Let $X_1,X_2,...$ be a sequence of random variables, then the expression in the title is true.

I'm trying to understand bits of the lemma. Let $S_n$ be defined by:

$$S_n=\sum\limits_{i=1}^{n}X_i.$$ Now let's look at the hypothesis: $$\sum\limits_{n=1}^{\infty}\mathbb E(|X_n|)= \sum\limits_{n=1}^{\infty} \sum\limits_{x_n}^{}|x_n|\mathbb P(X_n=x_n) \leq \sum\limits_{n=1}^{\infty} \sum\limits_{x_n}^{}|x_n|\stackrel{\text{not sure of this}}{<}\infty.$$ I'm not entirely sure if I can say that $(*)$ $\sum\limits_{n=1}^{\infty} \sum\limits_{x_n}^{}|x_n|=\sum\limits_{n=1}^{\infty}X_n $ or $\sum\limits_{n=1}^{\infty} \sum\limits_{x_n}^{}|x_n|<\infty\Rightarrow\sum\limits_{n=1}^{\infty}X_n <\infty$, because in the left-hand side of the equation we are adding numbers and in the right-hand side we are "adding" random variables.
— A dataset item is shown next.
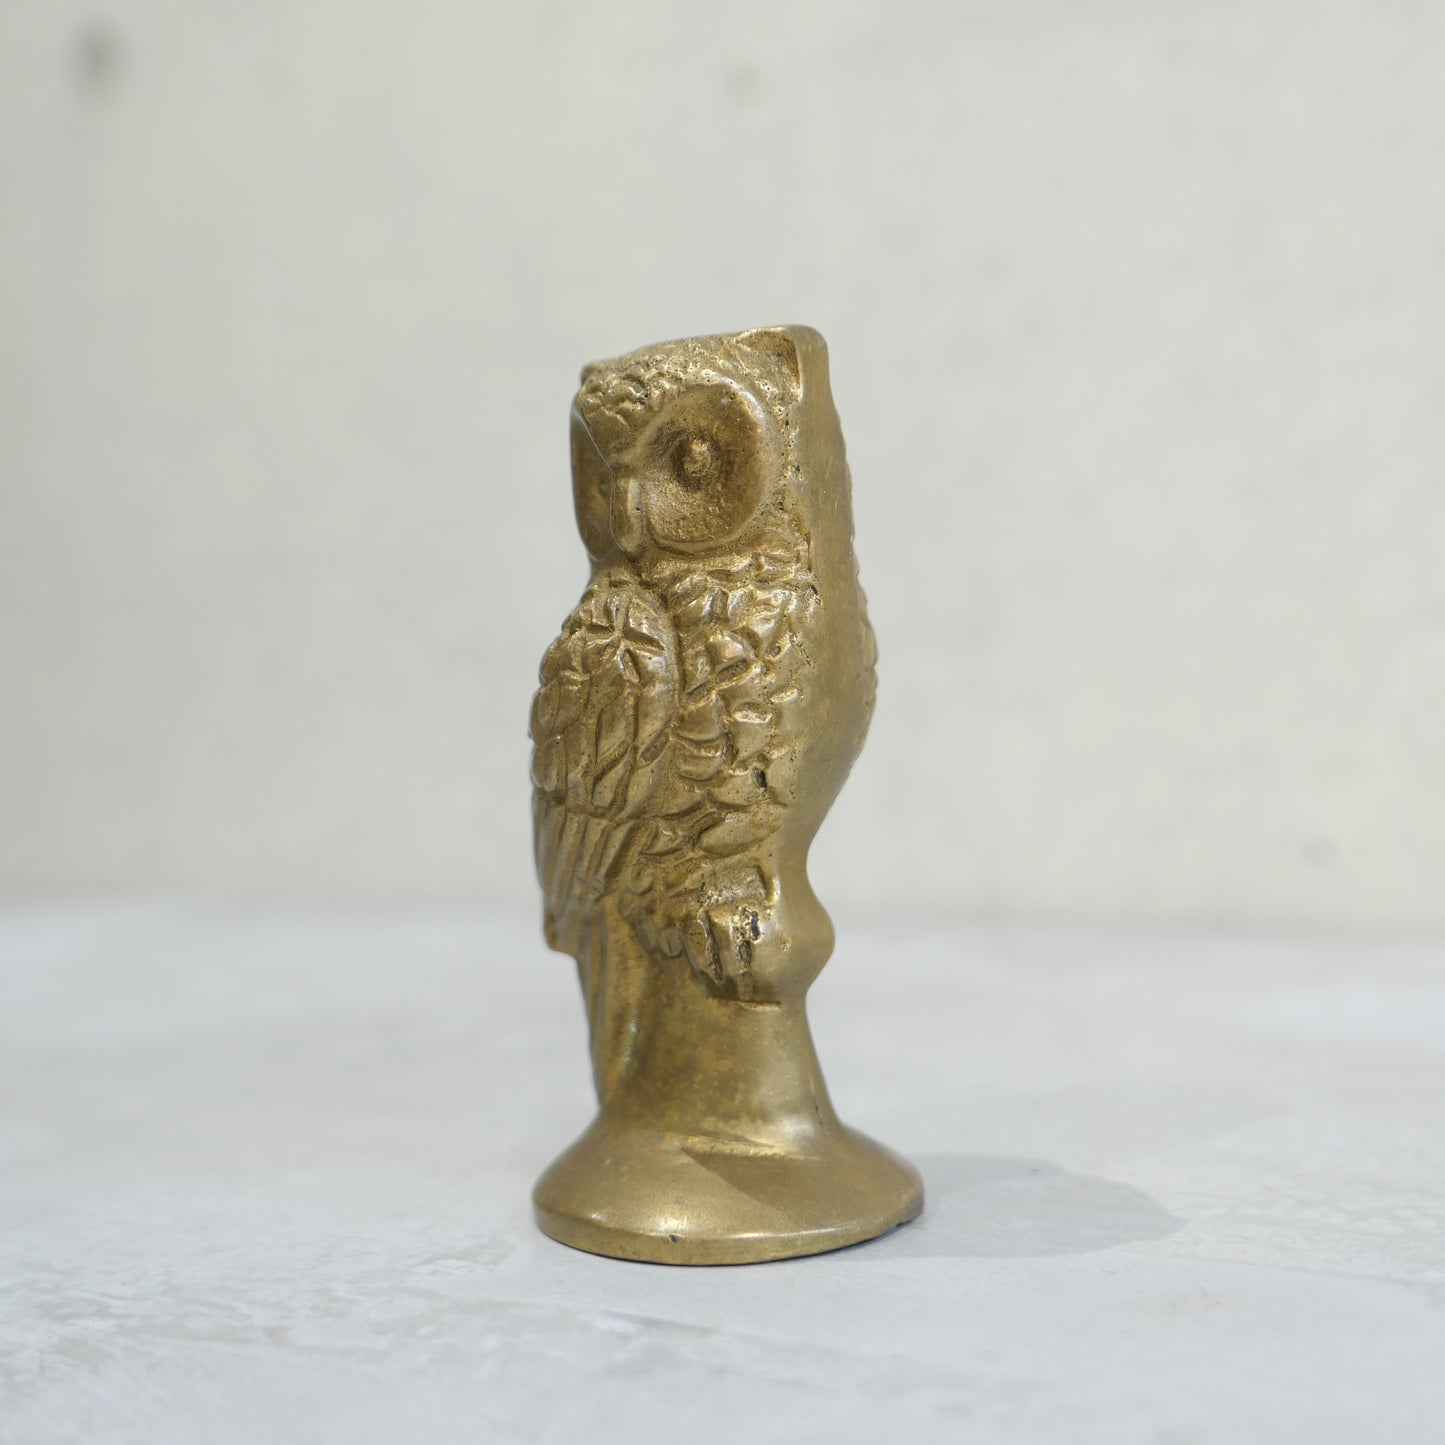 Vintage Owl Ornament or Paperweight 1950s

Continuing with my idea of defining $S_n$, I would like to show that $S_n$ converges almost surely, i.e.:

$$\mathbb P\left(\lim_{n\to\infty} S_n=X\right)=1$$

for some random variable $X$.

If I could write some of the two options I pointed out in $(*)$, then I'd be able to prove that $S_n \stackrel{\text{a.s}}{\underset{n\to\infty}{\longrightarrow}} X$, $X=L\in \mathbb R$.

Any help would be appreciated.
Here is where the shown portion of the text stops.